Landesgalerie Niederösterreich

ELEVATOR WITH LINGUISTIC MISTAKE

What does a car sound like when it moves horizontally? And what about an elevator when it moves vertically? The State Gallery of Lower Austria inspires visitors with artistic interventions.

ELEVATOR WITH LINGUISTIC MISTAKE

© Claudia Larcher/Bildrecht Wien

What does a car sound like when it moves horizontally? And what about an elevator when it moves vertically? The State Gallery of Lower Austria inspires visitors with artistic interventions.

Artistic interventions highlight the uniqueness of the State Gallery of Lower Austria

People crowded together in the elevator. An awkward silence.
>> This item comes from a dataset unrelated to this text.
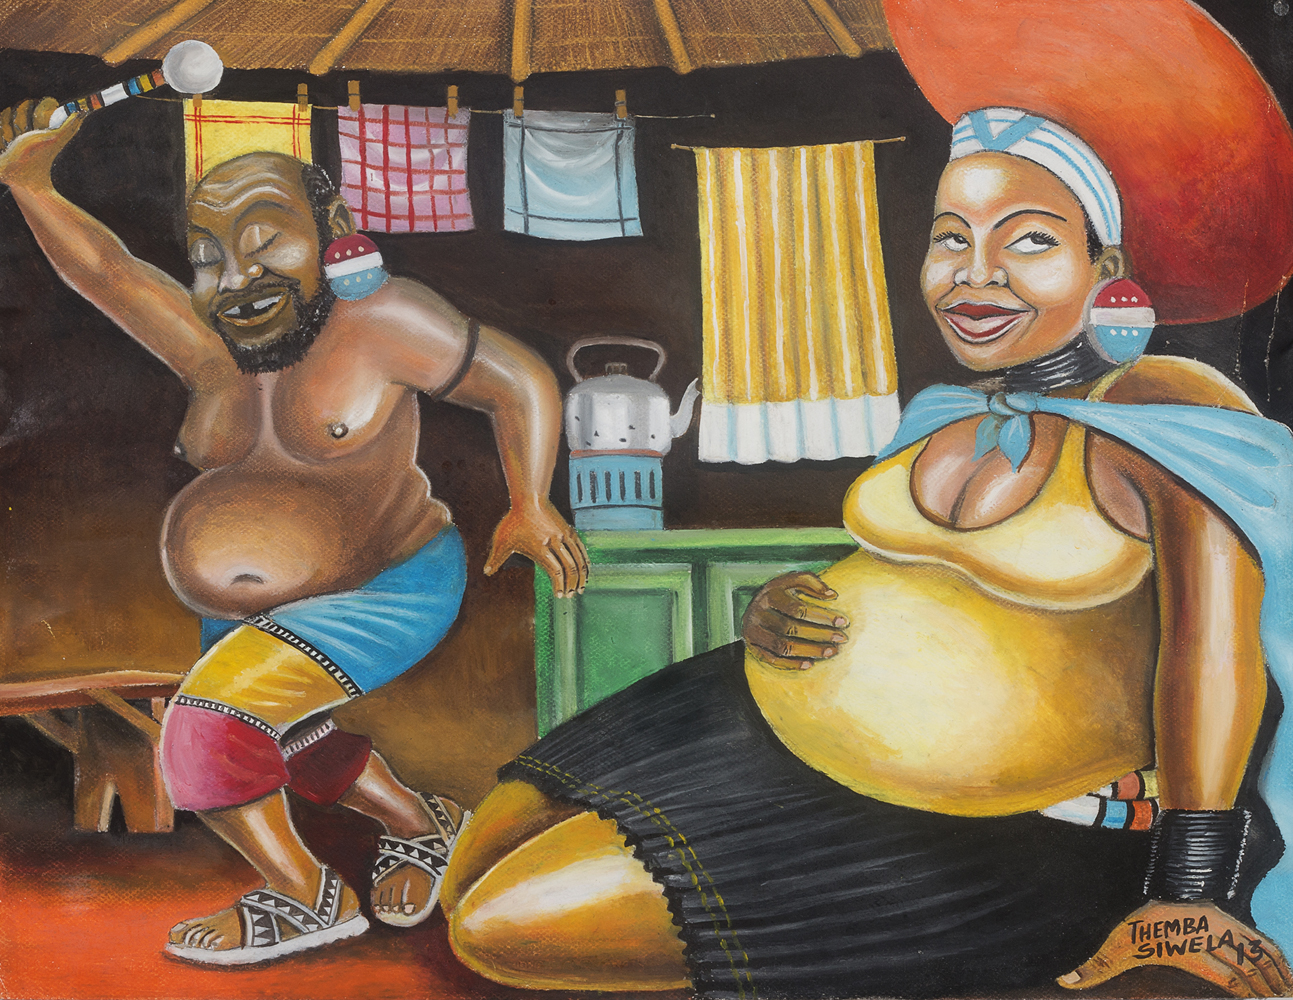 Themba Siwela - We lay down as two and woke up as three, 2013

All eyes glued to the floor. Every second of the ride is just too long. Who hasn’t been in this situation? The State Gallery of Lower Austria guarantees you’ll have a completely different experience this time. Here, the nearly thirty-second ride to the third floor in the roomy elevator brings a smile to passengers' faces. Hilarity ensues. Enthusiasts ride up and down several times.

Resonating Elevator

What is this all about? The elevator catches passengers off guard with a sound installation by Werner Reiterer. For his art, the artist likes to work with unusual spaces. He disrupts perspectives by playfully challenging expectations. Die Eroberung der Vertikale (The conquest of the vertical), his sound installation inside the elevator of the State Gallery, explores how people move through space. For thousands of years, movement was horizontal. Only in relatively recent history has it been possible to move in a vertical direction. Reiterer’s ironic take on this state of affairs offers passengers an element of surprise. 

A Twist of Thought

The unique architecture of the State Gallery of Lower Austria is not the museum’s only significant feature. There is also the inscription by artist Leo Zogmayer: wenn ich kunst sage meine ich das ganze (When I say art I mean everything) appearing in gray letters on an exterior concrete wall. The phrase can be seen on the ground floor through the museum’s large arched windows. Simple in design, Zogmayer’s inscription opens up an interesting space for reflecting on the building’s conceptual underpinnings and architecture. Both the structure and the sentence make use of “twisting” to defamiliarize perceptions. For Zogmayer, art begins where our linguistic capacities end. His philosophical musings on the role of art also question what meaning art can have for each viewer personally, for a museum, or for society.

Anchor Points for Imaginary Energy

Judith Fegerl’s permanent artistic intervention also references the museum’s architecture. It seeks to make the structure’s ostensible kinetic energy visible. For her work anchors, located on the ground floor of the State Gallery, Fegerl specified three “anchor points” from where the imaginary forces of the building’s architectural rotation emanate. At these points, she inserted geometric concrete recesses fashioned out of positive and negative forms, creating an unexpected and unusual architectural element.

Fegerl and Zogmayer’s works were developed during the construction phase of the museum as part of FUNDAMENTAL, a project realized by the State Gallery of Lower Austria based on a concept by Rainer Prohaska.

Poetic Period Piece

The temporary installation by Frenzi Rigling in the stairwell of the State Gallery is delicate and unassuming, yet all the more appealing as a result. A 24.38-meter-long fabric ribbon leads up toward the exhibitions on the third floor. The ribbon is made up of numerous strips of different fabric, each of which are one meter long and three centimeters wide. Rigling created the ribbon out of fabric scraps from dresses her mother sewed for her in the 1970s and 1980s. The artist elicits a very distinctive form of poetry from the everyday. With the installation 24.38 (Zeitstück) (24.38 (Timepiece)), Rigling has created a memento that preserves personal and familiar elements. The reduced and precisely placed intervention not only spans the central vertical axis of the museum’s stairwell, but also metaphorically represents the connection between above and below, past and present.